Column identification may be specified on the command line, chosen interactively, or automatically determined from the column headers. GFF source files should have columns automatically identified.
All lower-numbered columns must be defined before writing higher-numbered columns, as per the specification. Dummy data may be filled in for Name and/or Score if a higher column is requested.
Browser and Track lines are not written.
Following specification, all coordinates are written in interbase (0-based) coordinates. Base (1-based) coordinates (the BioPerl standard) will be converted.
Score values should be integers within the range 1..1000. Score values are not converted in this script.
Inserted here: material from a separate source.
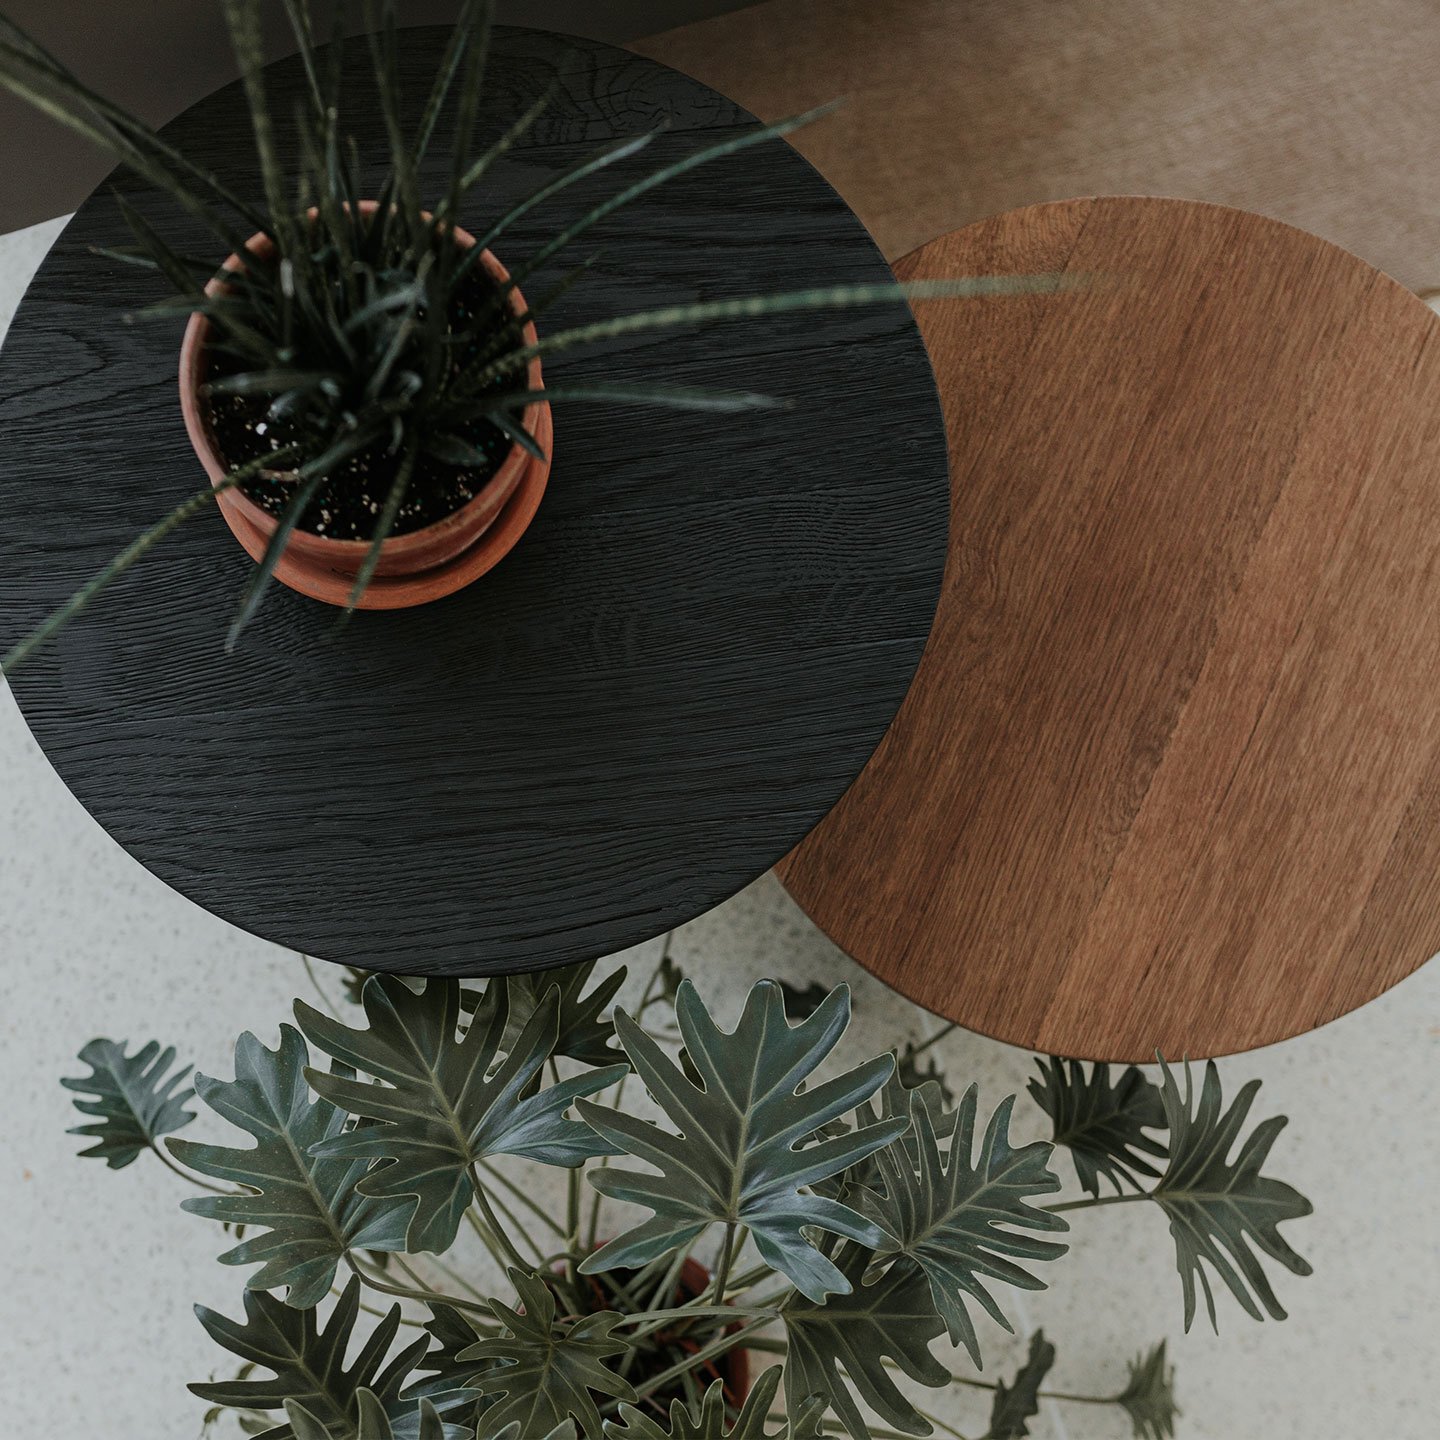 La mesa de centro Mush juega intuitivamente con las proporciones entre su robusta base cilíndrica y su delicado tablero circular, imitando la forma de un champiñón, y aporta un contraste divertido en cualquier entorno.

However, the biotoolbox script manipulate_datasets.pl has tools to do this if required.
An option exists to further convert the BED file to an indexed, binary BigBed format. Jim Kent's bedToBigBed conversion utility must be available, and either a chromosome definition file or access to a Bio::DB database is required.
AUTHOR
Timothy J. Parnell, PhD
Howard Hughes Medical Institute
Dept of Oncological Sciences
Huntsman Cancer Institute
University of Utah
Salt Lake City, UT, 84112
This package is free software; you can redistribute it and/or modify it under the terms of the Artistic License 2.0.